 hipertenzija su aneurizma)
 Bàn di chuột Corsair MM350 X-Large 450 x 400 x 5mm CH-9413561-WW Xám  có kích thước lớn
* * *
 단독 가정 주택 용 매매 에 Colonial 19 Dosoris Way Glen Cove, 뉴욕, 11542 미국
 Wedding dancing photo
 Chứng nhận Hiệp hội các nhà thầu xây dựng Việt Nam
* * *
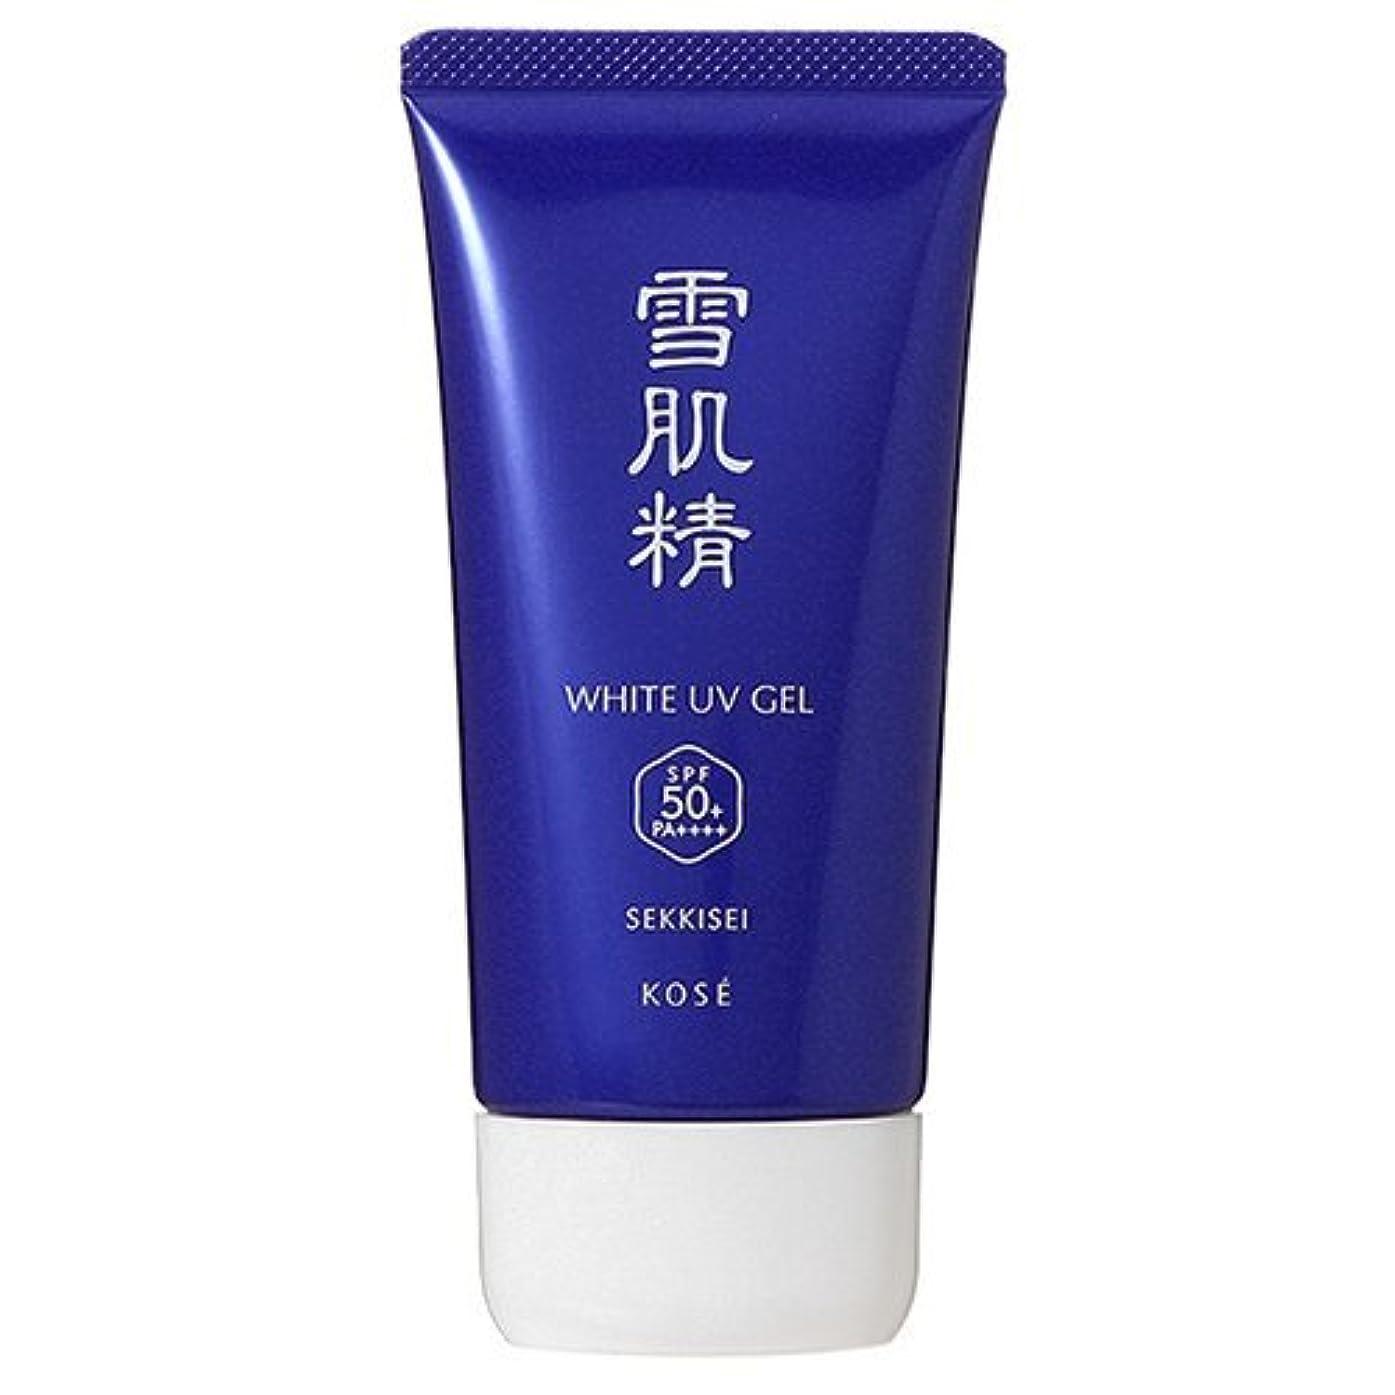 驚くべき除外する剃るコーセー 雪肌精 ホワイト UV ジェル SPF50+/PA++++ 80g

Required work →
After locating the line holding "Wedding dancing photo" above, output exactly that line and every line after it through the line holding "Chứng nhận Hiệp". Include nothing else.

Result →
 Wedding dancing photo
 Chứng nhận Hiệp hội các nhà thầu xây dựng Việt Nam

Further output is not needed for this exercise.